NAME
amas
—
AMD memory address map
SYNOPSIS
amas* at pci?
DESCRIPTION
The amas
driver provides read access to
the AMD memory map, which describes the location of physical memory.
One instance of this device is shared between all cores on a chip. This device is present on AMD processors of the 0Fh, 10h and 11h family.
The amas
device can run in either
interleaved mode or in non-interleaved mode. In interleaved mode, the
physical memory addresses are rotated across each chip.
amas
sits between the CPU cores, the DRAM controller
and the HyperTransport bus. When a CPU requests a memory page,
amas
decides if the request is serviced from memory
local to the chip, in which case it normalizes the address and passes it on
to the dram controller. If the request refers to memory present on a
different chip, the request is forwarded to the correct chip using the
hypertransport bus.
The amas
device is configured by the BIOS
and kernel startup routines. If multiple instances of this device are
available, all should contain the same information.
SEE ALSO
BIOS and Kernel Developer's Guide for AMD Athlon 64 and AMD Opteron Processors, Publication # 26094, pp. 66–80, February 2006.

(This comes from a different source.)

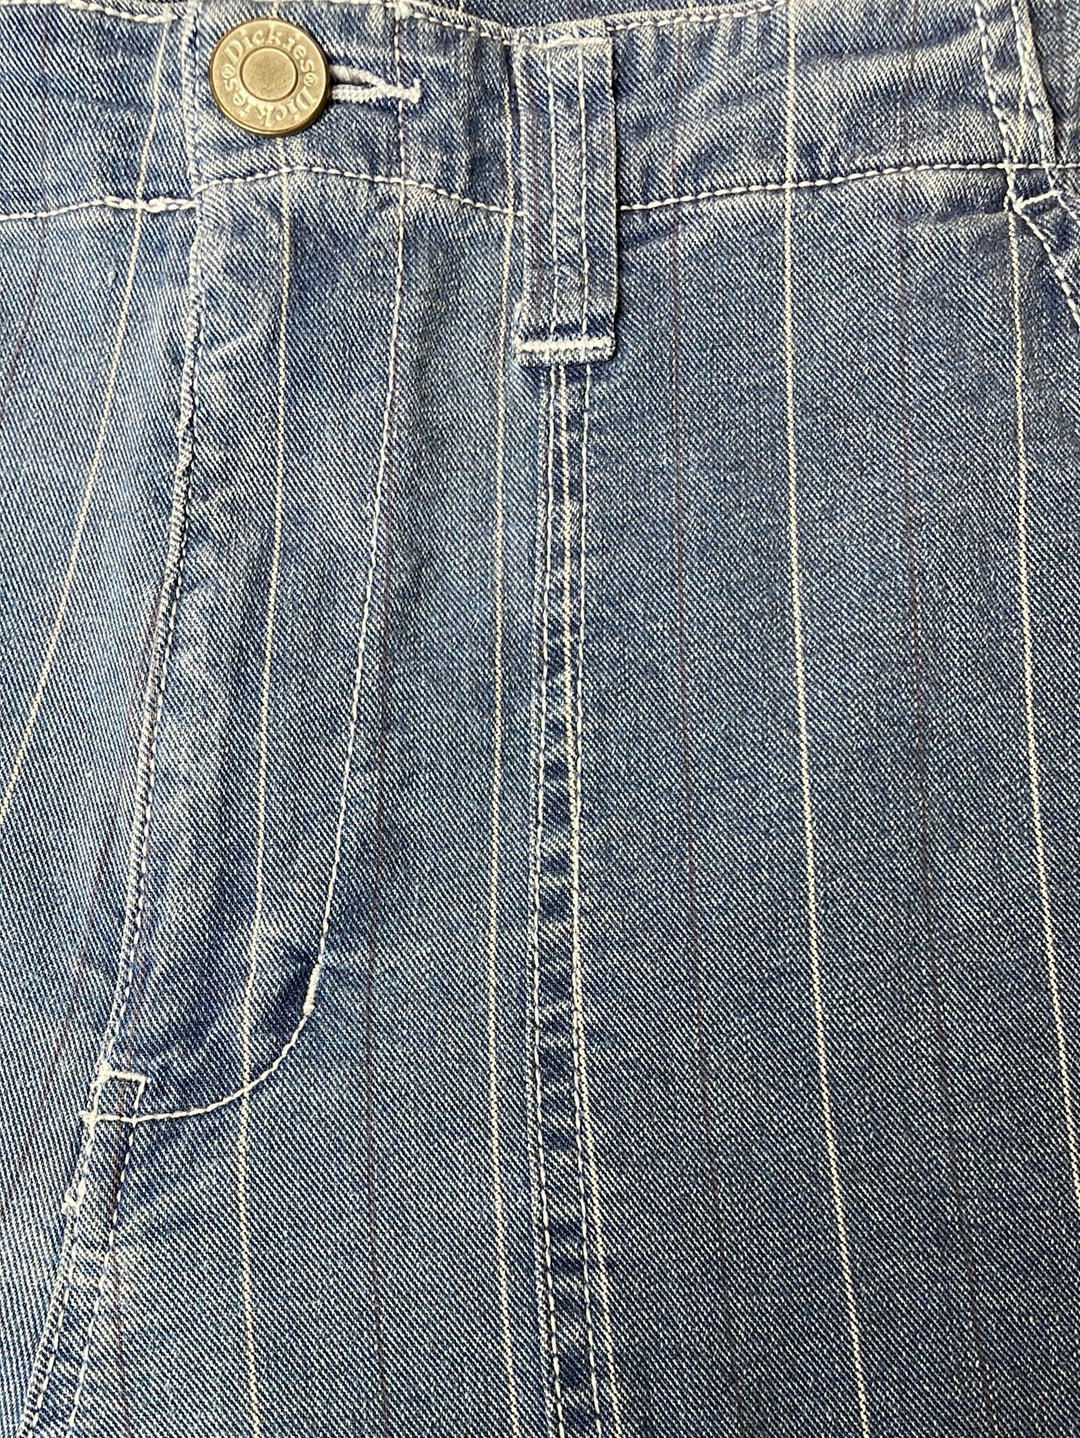 Vintage Dickies Jeans

BIOS and Kernel Developer's Guide (BKDG) For AMD Family 10h Processors, Publication # 31116, pp. 158–167, March 2008.
BIOS and Kernel Developer's Guide (BKDG) For AMD Family 11h Processors, Publication # 41256, pp. 109–114, July 2008.
HISTORY
The amas
driver first appeared in
OpenBSD 4.6.
AUTHORS
The amas
driver was written by
Ariane van der Steldt
<ariane@stack.nl>.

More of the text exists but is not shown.